■ Stored data
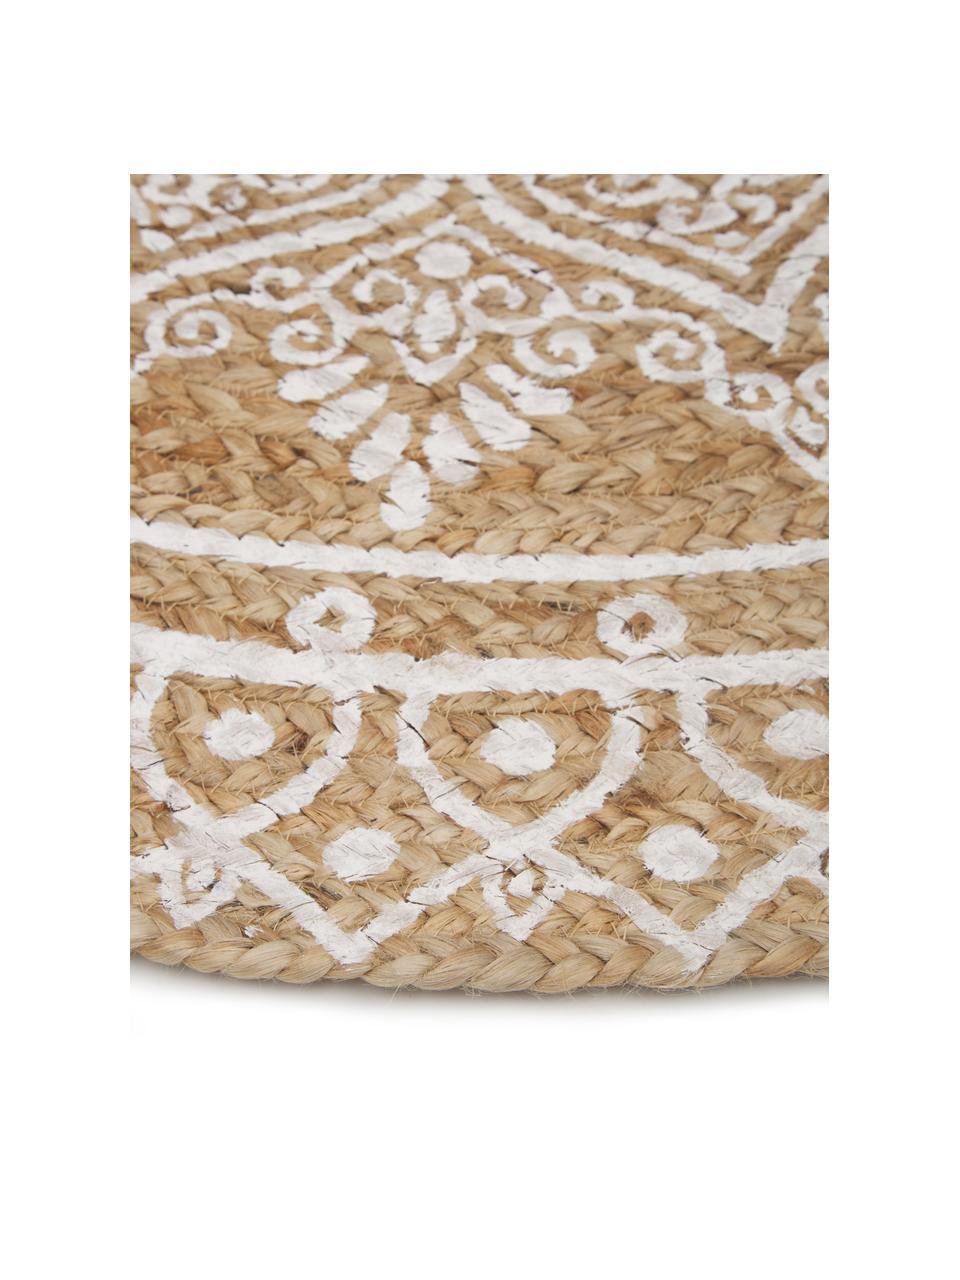 Runder Jute-Teppich Dahlia, handgefertigt, 100% Jute, Beige, Weiß, Ø 200 cm (Größe L)
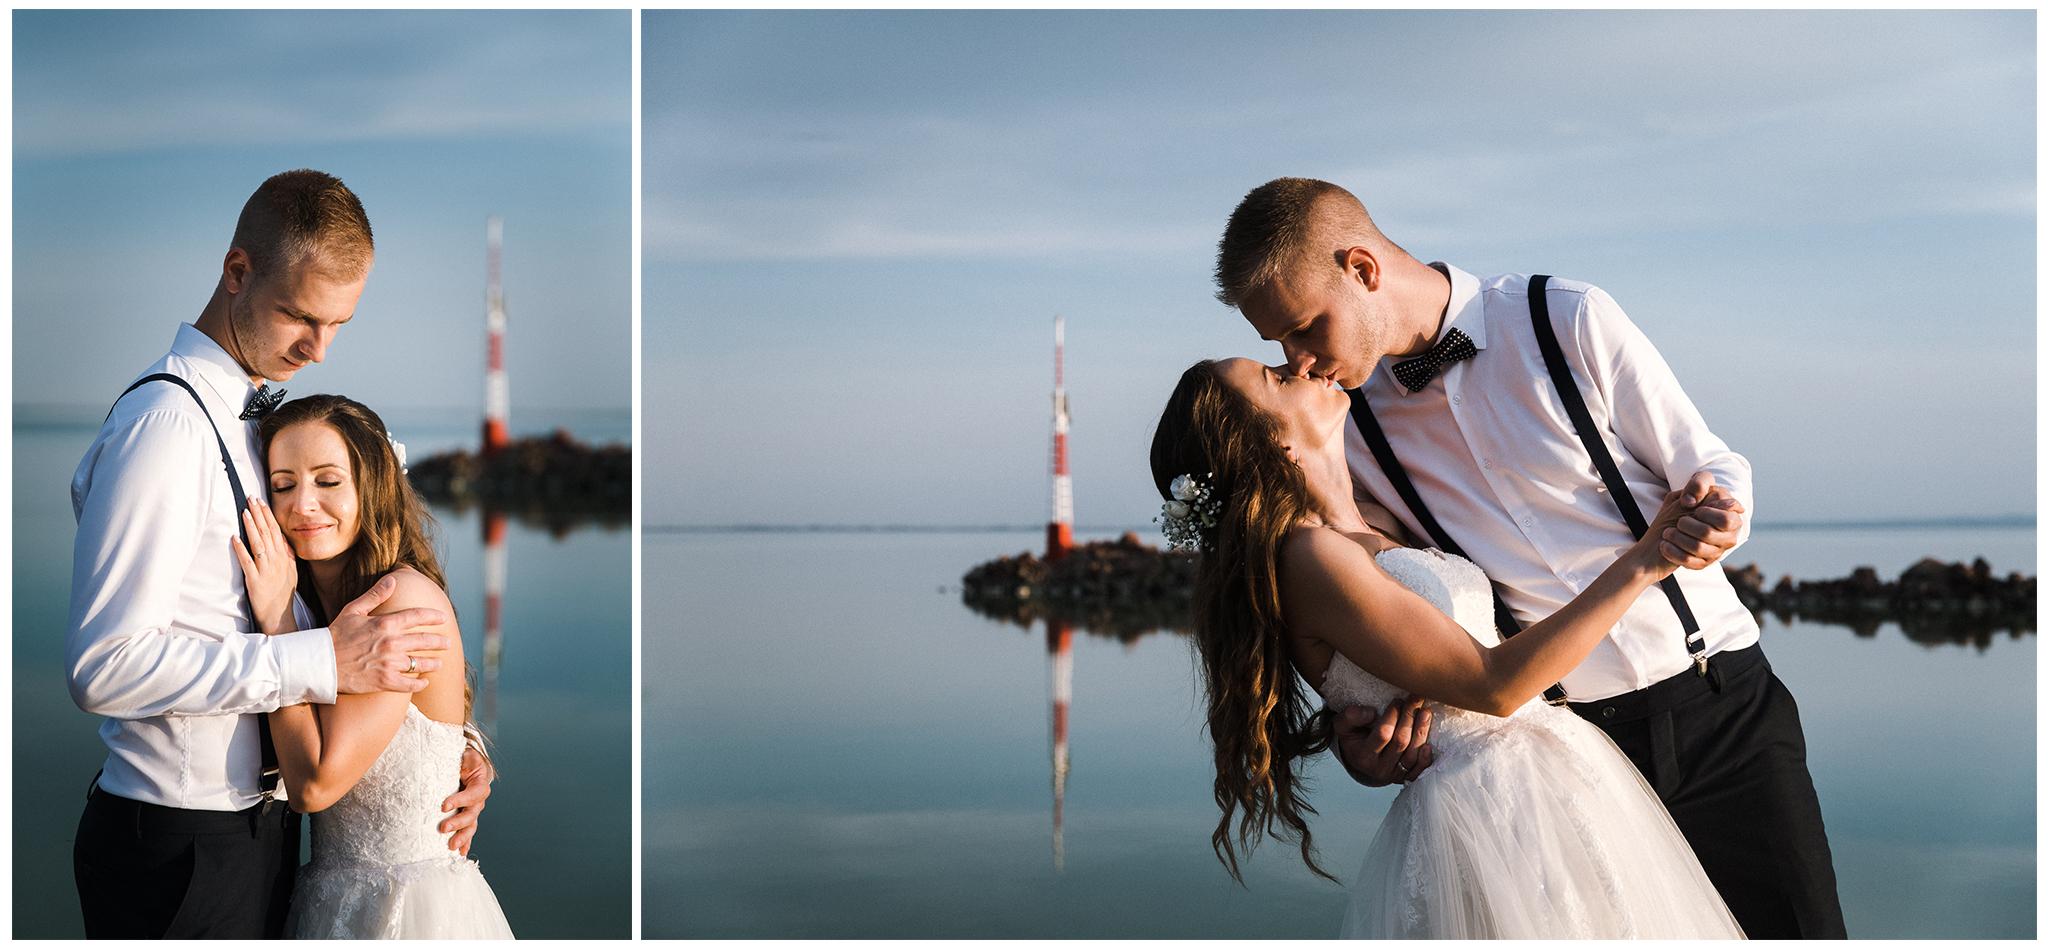 MONT_FylepPhoto, Esküvőfotós Vasmegye, Esküvő fotózás, Esküvői fotós, Körmend, Vas megye, Dunántúl, Budapest, Fülöp Péter, Jegyes fotózás, jegyes, kreatív, kreatívfotózás, Balaton_Réka&Peti,2018_020.jpg
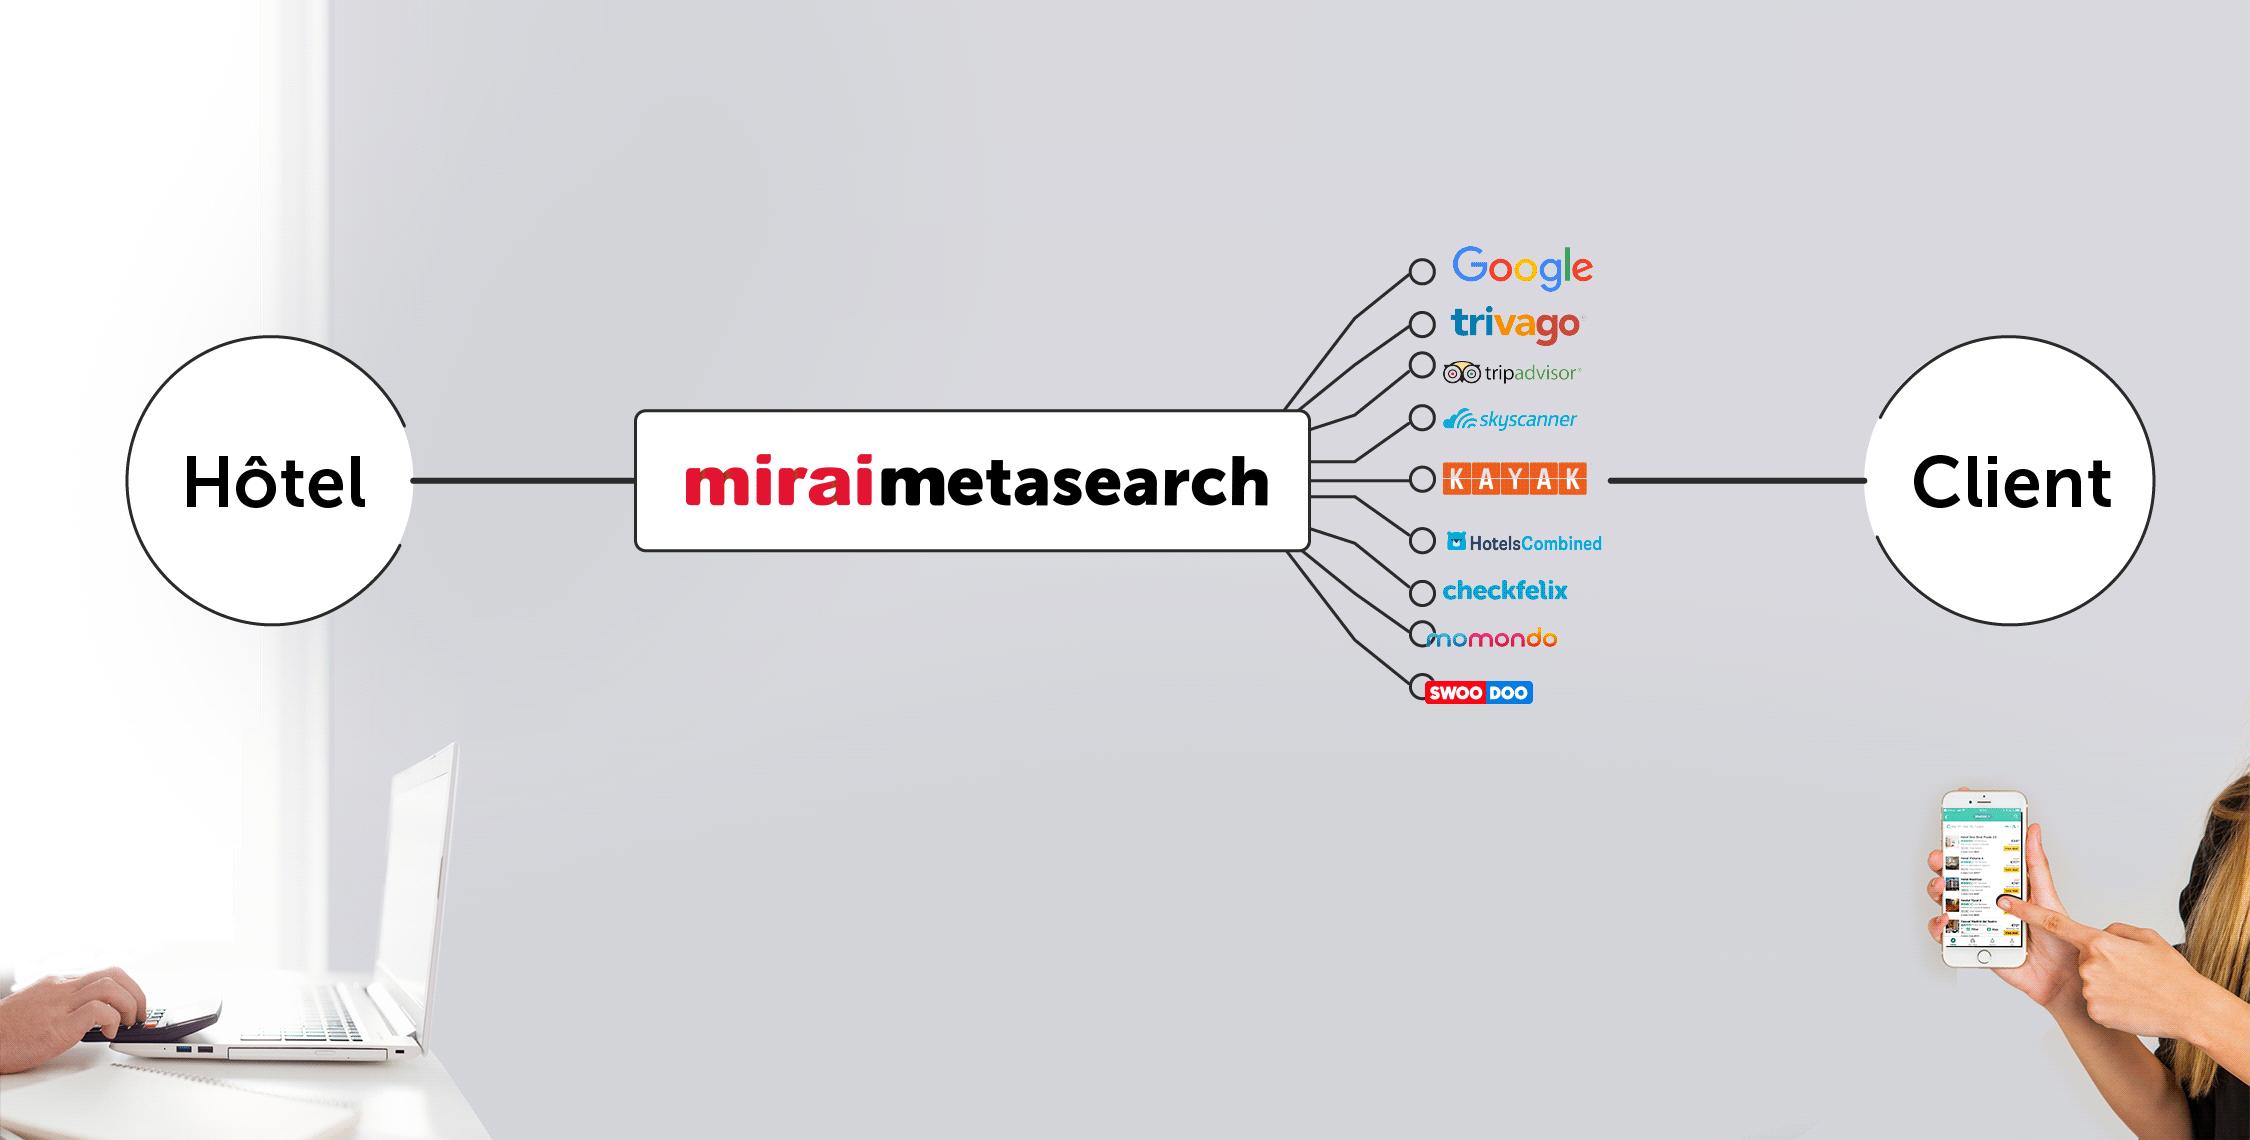 Mirai lance miraimetasearch, solution avancée connectant le site officiel des hôtels aux meta-moteurs (Google Hotel Ads -incluant Book on Google-, Tripadvisor, trivago, Kayak, Skyscanner…) .

■ Problem to work on
With the images removed, reproduce all the material above word for word.

■ Exercise result
 Runder Jute-Teppich Dahlia, handgefertigt, 100% Jute, Beige, Weiß, Ø 200 cm (Größe L)
 MONT_FylepPhoto, Esküvőfotós Vasmegye, Esküvő fotózás, Esküvői fotós, Körmend, Vas megye, Dunántúl, Budapest, Fülöp Péter, Jegyes fotózás, jegyes, kreatív, kreatívfotózás, Balaton_Réka&Peti,2018_020.jpg
 Mirai lance miraimetasearch, solution avancée connectant le site officiel des hôtels aux meta-moteurs (Google Hotel Ads -incluant Book on Google-, Tripadvisor, trivago, Kayak, Skyscanner…) .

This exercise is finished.